HOW TO COMPLETE THIS TASK | Below is a listing. Write out exactly its lines between the one holding "À identifier soldat" and the one holding "テレマコス低下バックグラウンドアタックベース 半袖Tシャツ 5050-15", inclusive.

SUPPLIED ENTRIES |

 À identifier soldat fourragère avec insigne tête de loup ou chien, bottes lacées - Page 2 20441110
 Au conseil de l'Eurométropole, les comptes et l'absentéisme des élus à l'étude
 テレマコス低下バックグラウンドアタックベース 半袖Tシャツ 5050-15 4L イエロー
---
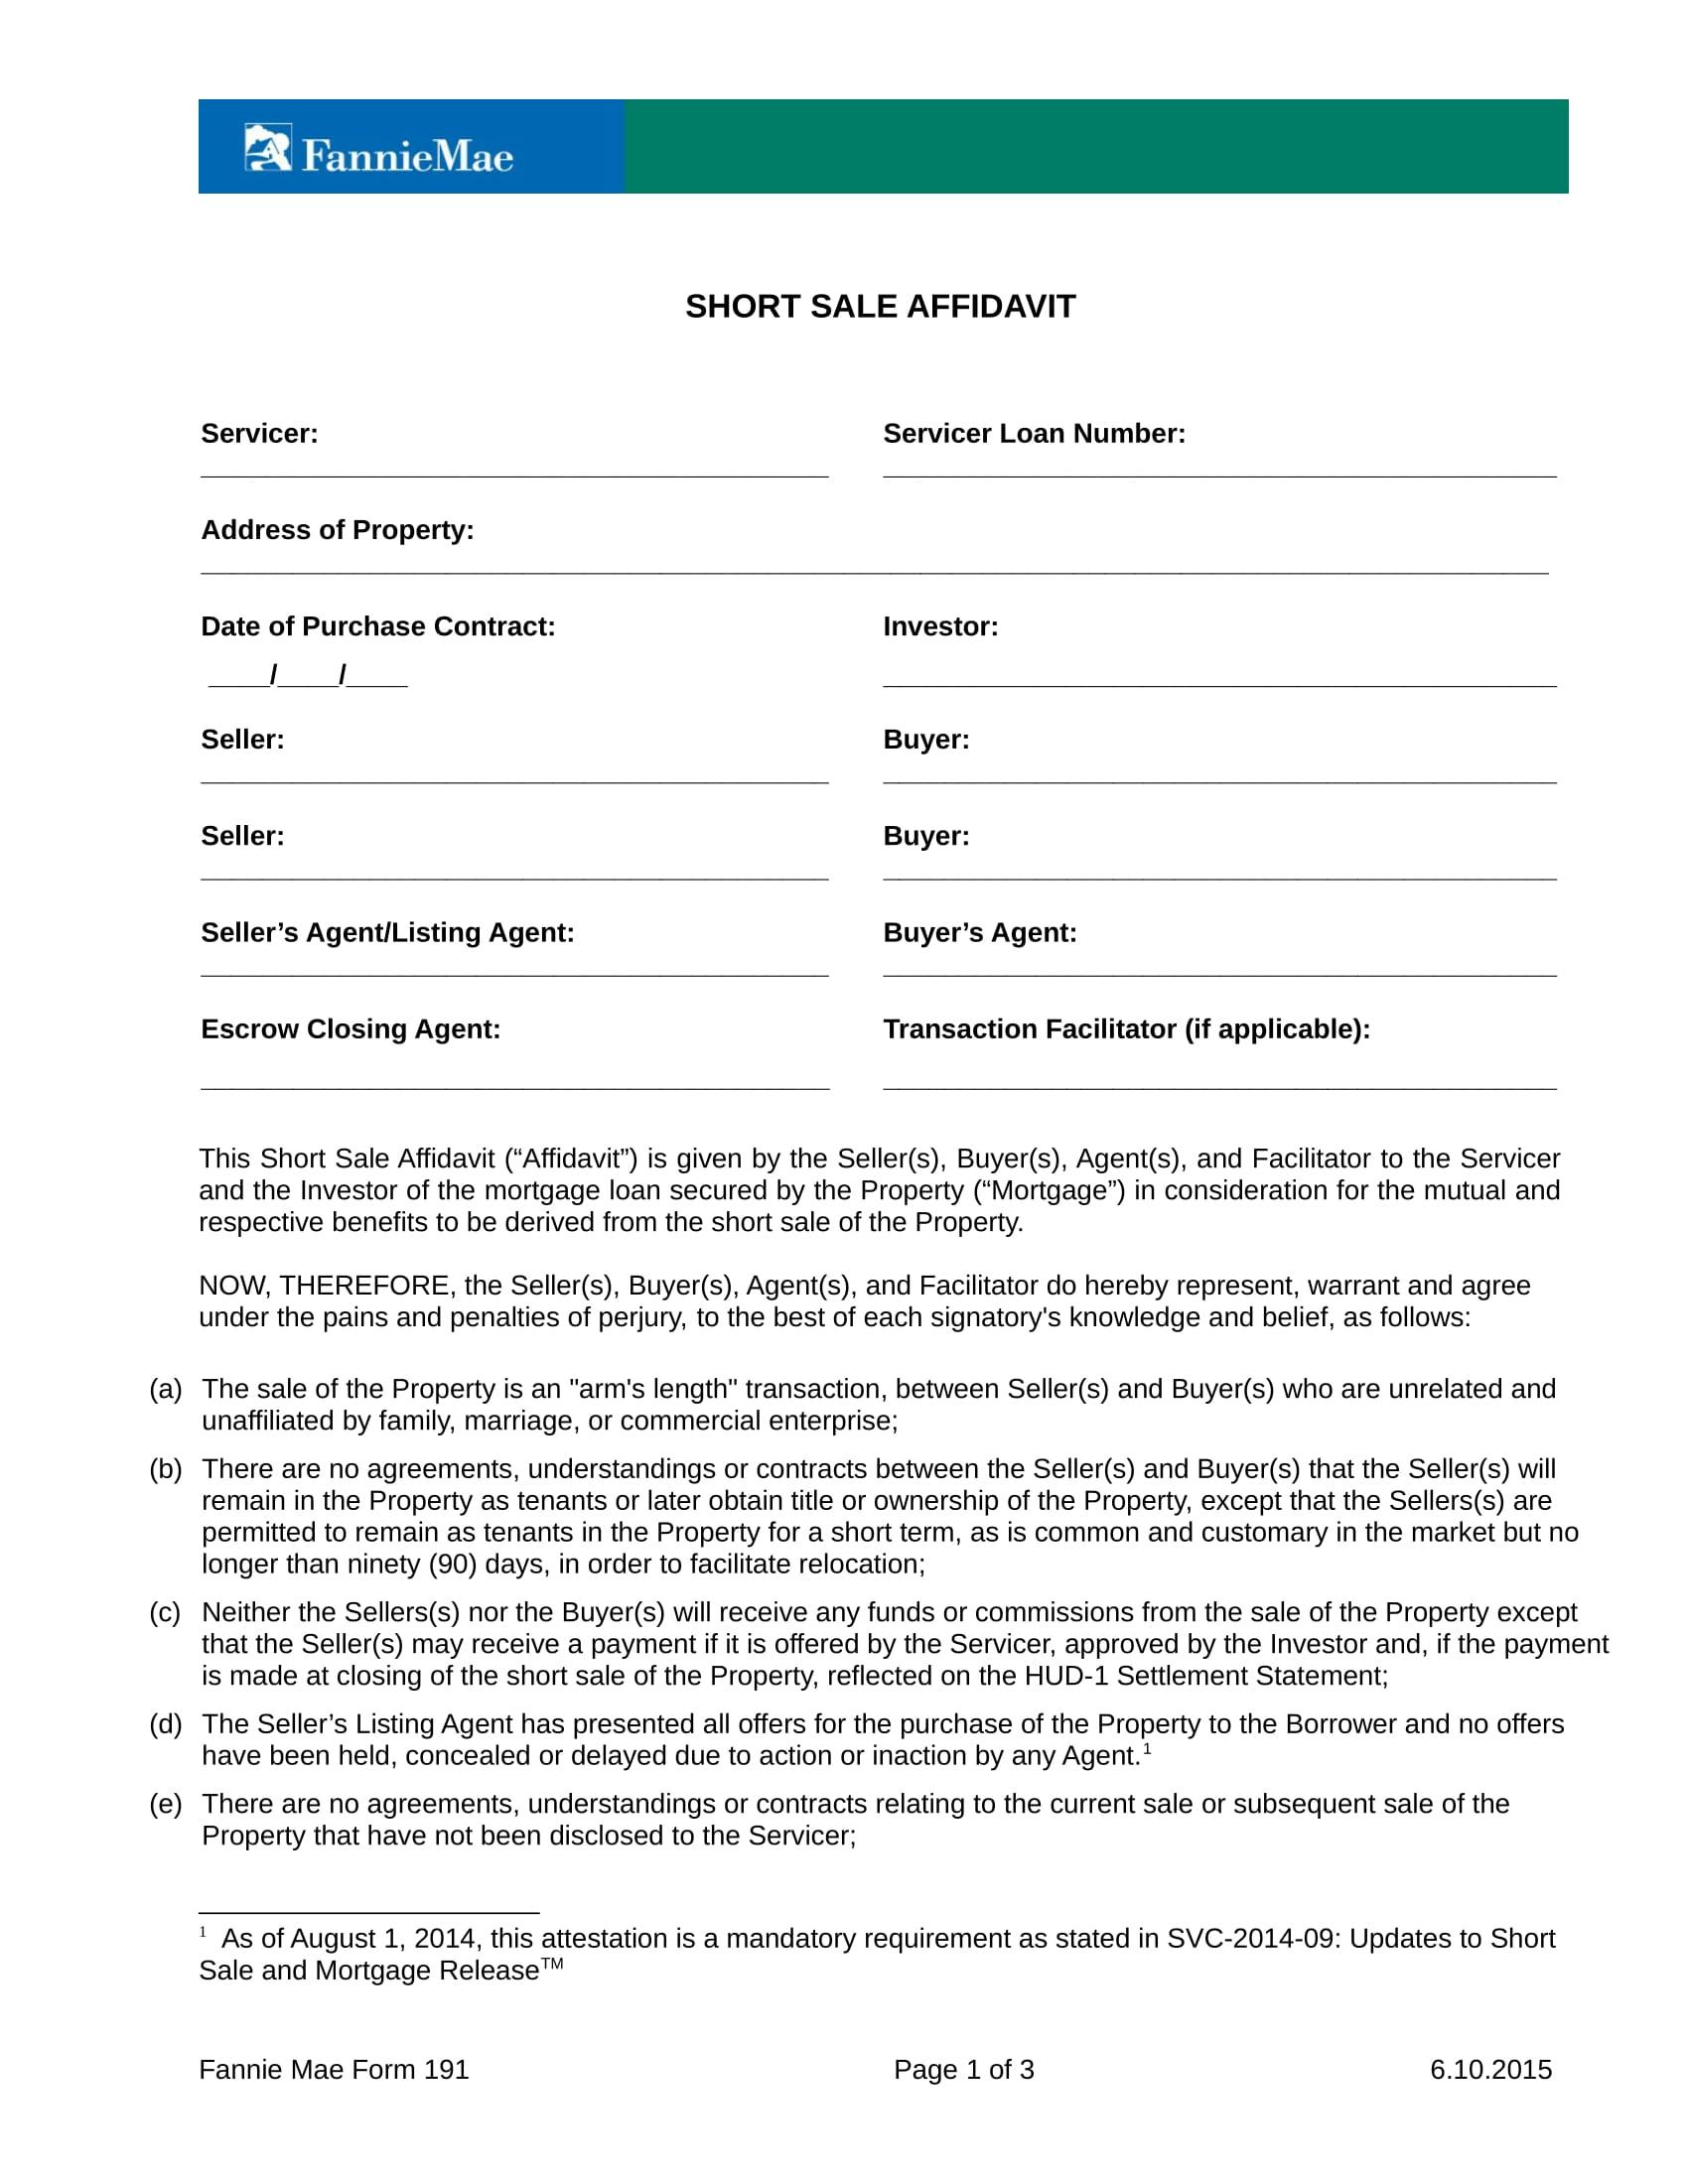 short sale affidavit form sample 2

WRITTEN SOLUTION |
 À identifier soldat fourragère avec insigne tête de loup ou chien, bottes lacées - Page 2 20441110
 Au conseil de l'Eurométropole, les comptes et l'absentéisme des élus à l'étude
 テレマコス低下バックグラウンドアタックベース 半袖Tシャツ 5050-15 4L イエロー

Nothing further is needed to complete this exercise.